2030年の内燃延長はメーカー自主目標を撤回しただけ
欧州メーカー勢は、日本勢と比べて、いち早くBEVとICEの量産体制が整いました。それを見て見ぬふりの日本メディアです。
テスラや中国勢は、その遥か先を進んでいるわけですから、欧州勢の投資が無駄になるわけでもありません。現状、CO2規制の根幹が廃止されたわけでもないのです。
欧州製48Vのハイブリッド車でCO2の規制値を自力でクリアしつつ、PHEV/BEVの促進を進める欧州勢です。
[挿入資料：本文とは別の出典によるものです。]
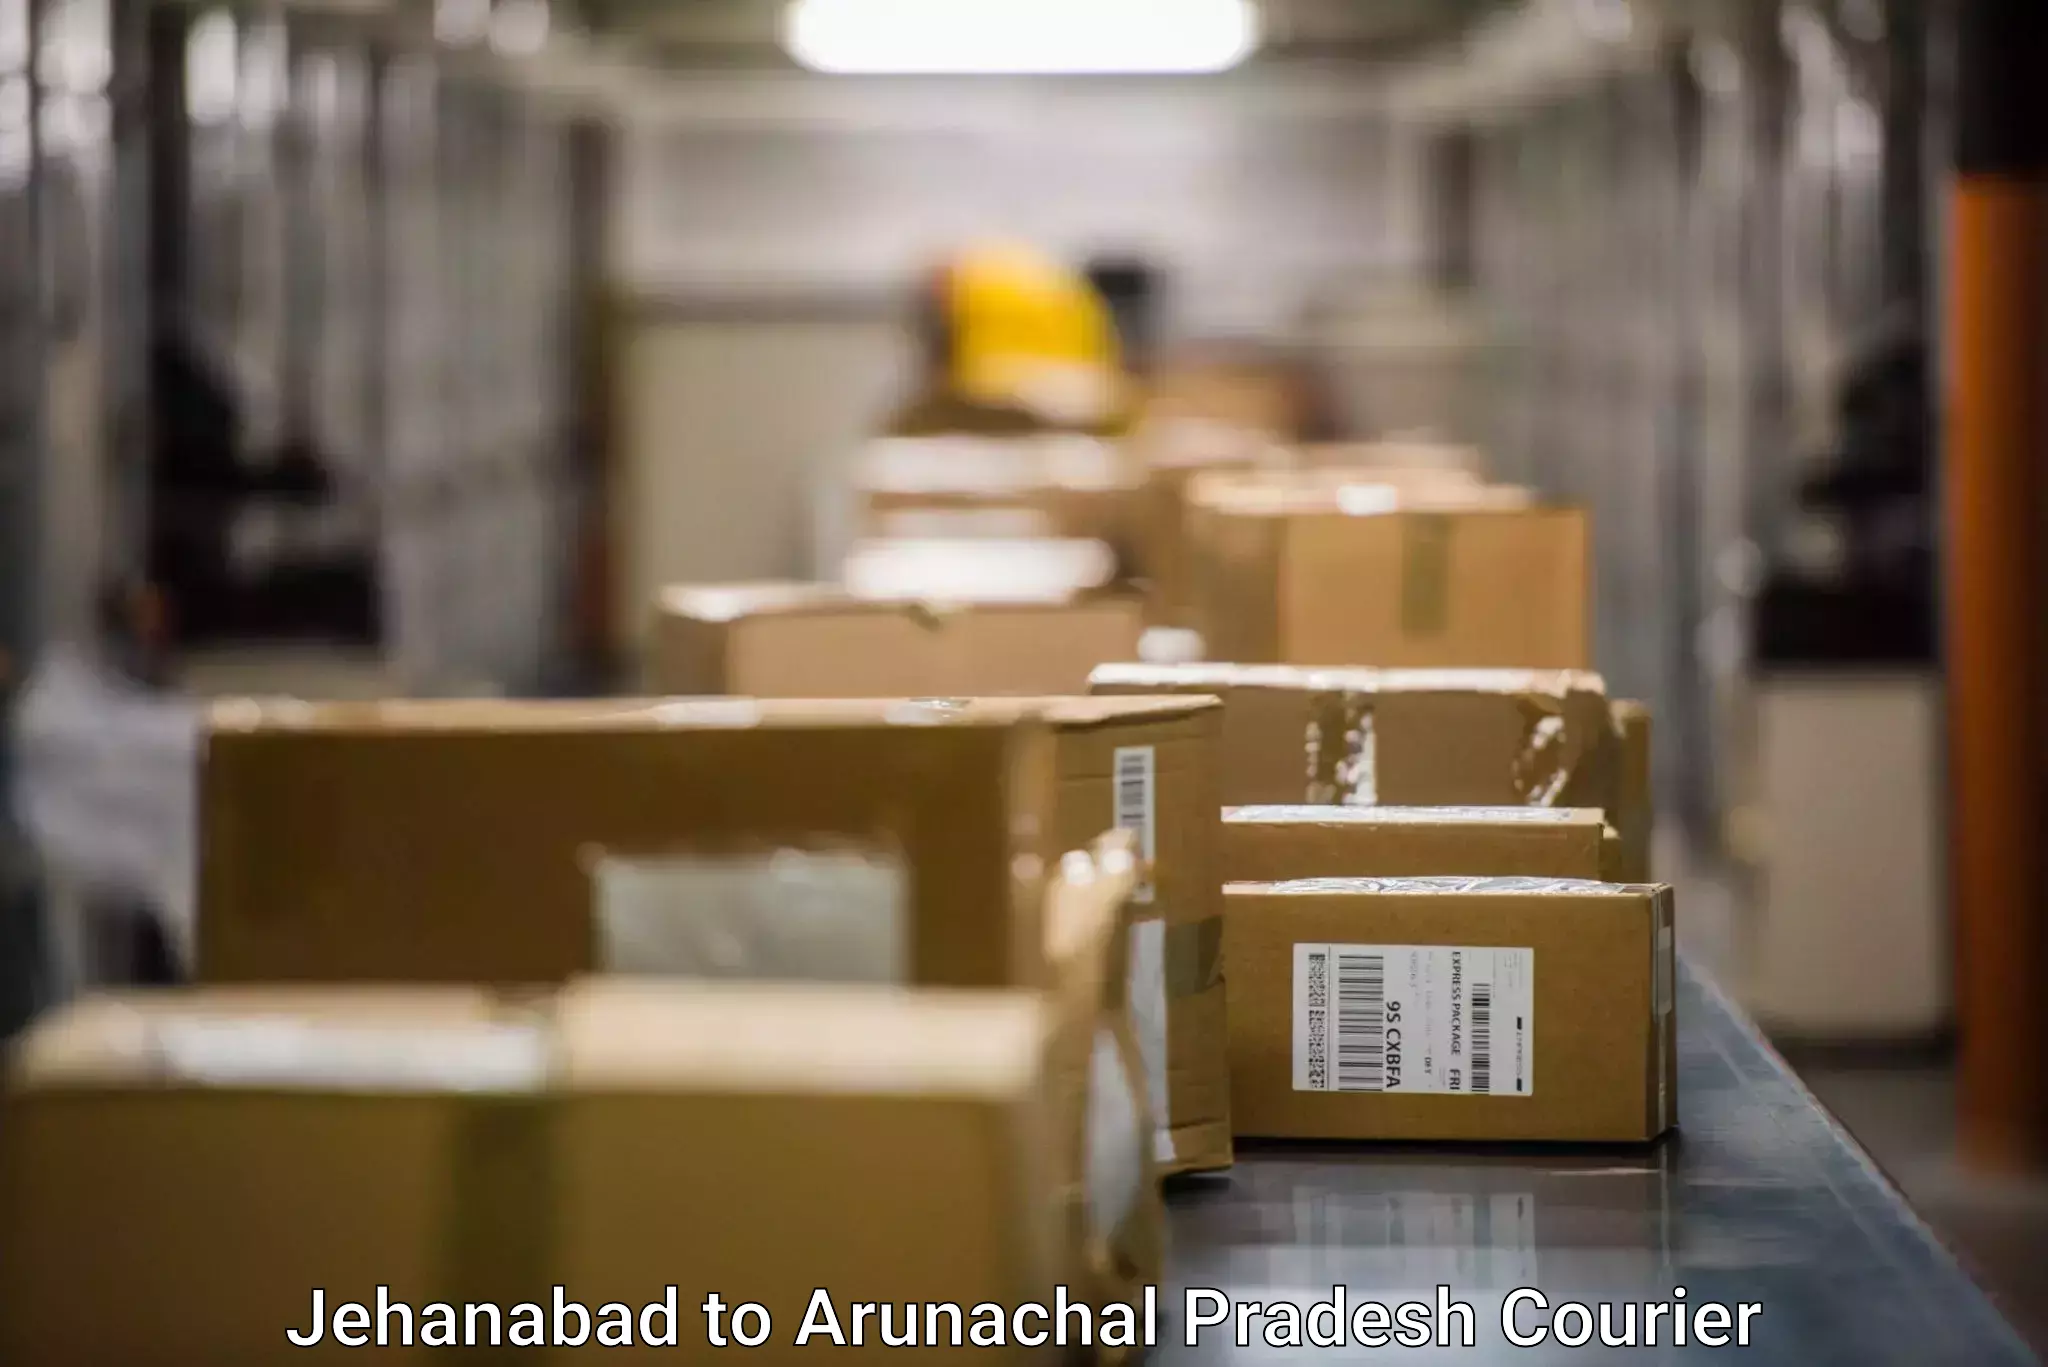 Efficient parcel service Jehanabad to Arunachal Pradesh

Fit for 55は「純内燃とHEVをオワコン化させる」規制
欧州委員会の最終目的は、全車EV化が到達点です。
e-fuel認可により、内燃エンジン車オールOKという流れでは有りません。
Fit for 55規定により、純内燃エンジン車とHEVの新車販売は、非常に厳しい流れです。
ガソリンスタンド自体が減少していく
2030年のCO2規制により、内燃車やHEVへのCO2規制が大幅に強化されます。
2020年車の性能では、規制値をクリアすることが完全にできなくなります。
その結果、新車販売からプラグイン車が主流になり、ガソリンスタンドの利用率減少が加速していきます。不採算店からのガソリンスタンドの淘汰が加速します。
e-fuel用に新しいタンクを地中に埋め込み、ガソリンとは別の新燃料を販売するための設備投資どころの話ではなくなってしまうのです。
e-fuel認可は制限事項だらけ
変更点として、2035年以降のe-fuelが認められた形にはなりましたが、制限事項付きです。
制限事項には、沢山の制約が設けられる予定であり、欧州委員会は、e-fuelを認めたくないのが本音です。これからもこの制限事項が強化されることは容易に想像できます。
内燃エンジンとして、今回の採択は明るい未来、ちゃぶ台返しどころか、暗い未来が確定してしまったのです。